SAFETY EVALUATION FOR THE REQUEST FOR 10 CFR 20.2002 ALTERNATE DISPOSAL APPROVAL AND EXEMPTIONS FROM 10 CFR PART 30 FOR DISPOSAL OF VERMONT YANKEE POWER STATION WASTE AT THE U.S. ECOLOGY IDAHO FACILITY DOCKET NO. 50-271

Background

On January 14, 2016, Entergy Nuclear Operators, Inc (ENO) submitted a request for NRC approval of alternate disposal of waste from the Vermont Yankee Power Station (VY) at the U.S.

Ecology Idaho (USEI) facility in accordance with 10 CFR 20.2002 (ADAMS Accession No. ML16029A071). The USEI facility is a Resource Conservation and Recovery Act (RCRA)

Subtitle C hazardous waste disposal facility permitted by the State of Idaho. The USEI facility is not an NRC-licensed disposal facility. On June 28, 2016, ENO submitted responses to NRC staffs request for additional information (RAI) on the request (ML16182A035). On August 11, 2016, ENO provided additional information to the NRC (ML16231A028).

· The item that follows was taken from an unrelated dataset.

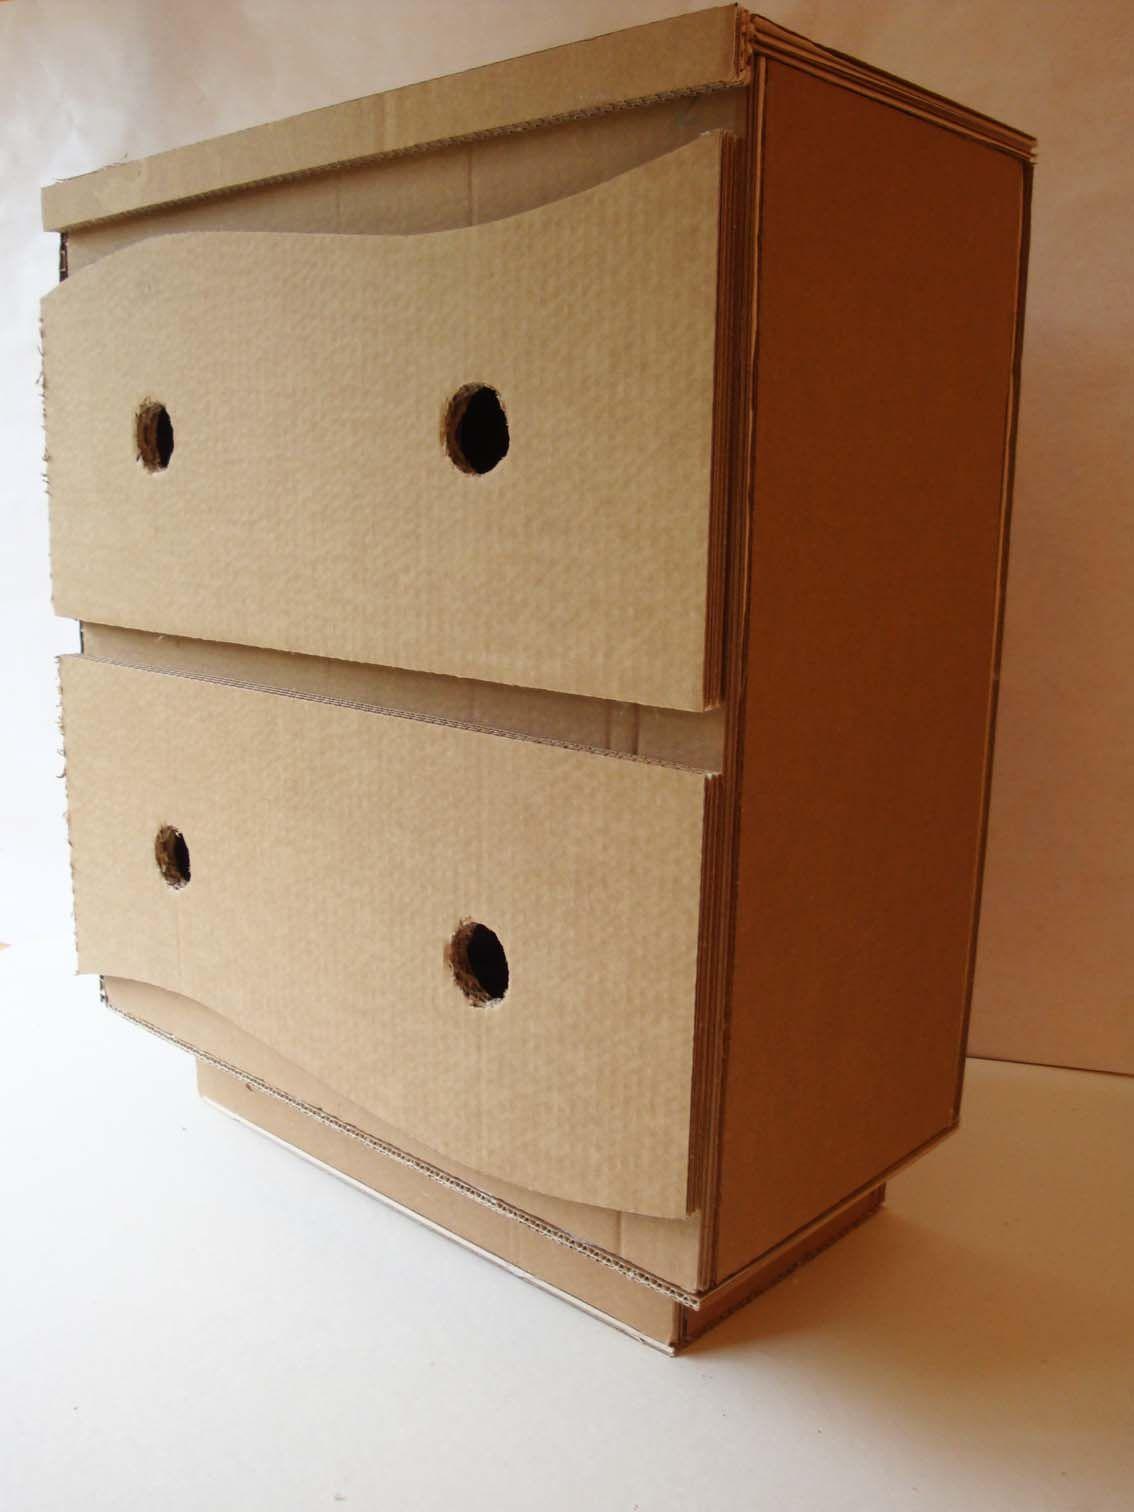 La Coccinelle Ecolo Etagere En Carton Meuble En Carton Meubles En Carton
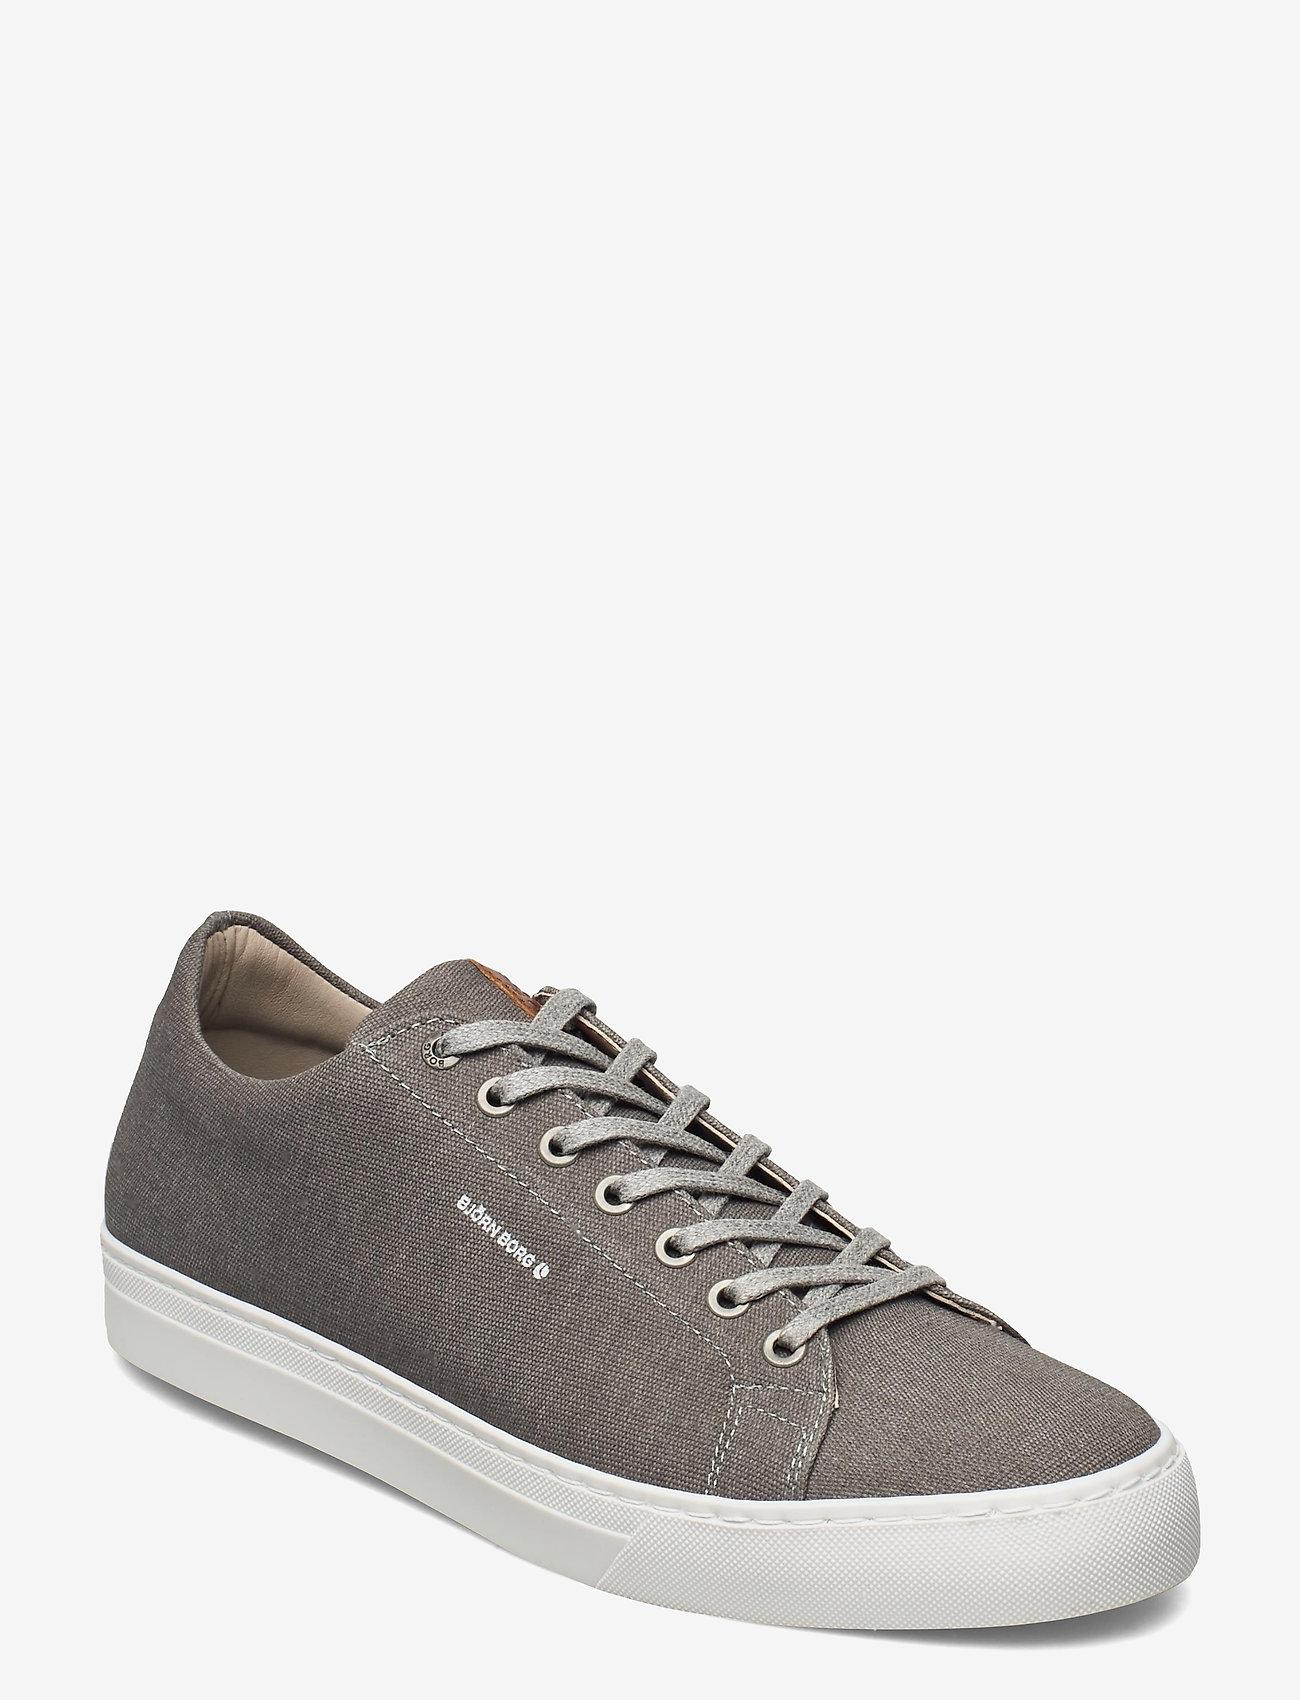 Björn Borg - JORDEN CVS M - laag sneakers - grey - 0

The waste included in this 10 CFR 20.2002 request consists of approximately 200,000 gallons (757,000 L) of water associated with the decommissioning of VY and contains low concentrations of fission and activation products resulting from VY operations. The waste will be transported from VY to USEI in tanker trucks, and the water will be solidified with clay at USEI prior to disposal.

To obtain approval for 10 CFR 20.2002 alternate disposals, the NRC requires the licensee to demonstrate that doses will be maintained as low as reasonably achievable (ALARA). The NRC has determined that for 10 CFR 20.2002 alternate disposal approvals this limit requires a licensee to demonstrate that the dose to a member of the public (including all exposure groups) is no more than a few millirem per year per SECY-07-0060, Basis and Justification for Approval Process for 10 CFR 20.2002 Authorizations and Options for Change (ML062050587),

and NUREG-1757.

On January 14, 2016, USEI submitted a request for an exemption from the licensing requirements of 10 CFR 30.3 to allow for the transfer of the waste containing byproduct material to USEI and disposal of the byproduct material at the USEI facility (ML16021A173). Specific exemptions to the licensing requirements of 10 CFR 30.3 are provided for under 10 CFR 30.11.

When evaluating 10 CFR 30.11 exemption requests in conjunction with 10 CFR 20.2002 alternative disposal requests, the NRC has applied a similar standard to both reviews. As discussed above, the NRC applies a dose standard of not more than a few millirem per year to any member of the public to its 10 CFR 20.2002 alternate disposal reviews.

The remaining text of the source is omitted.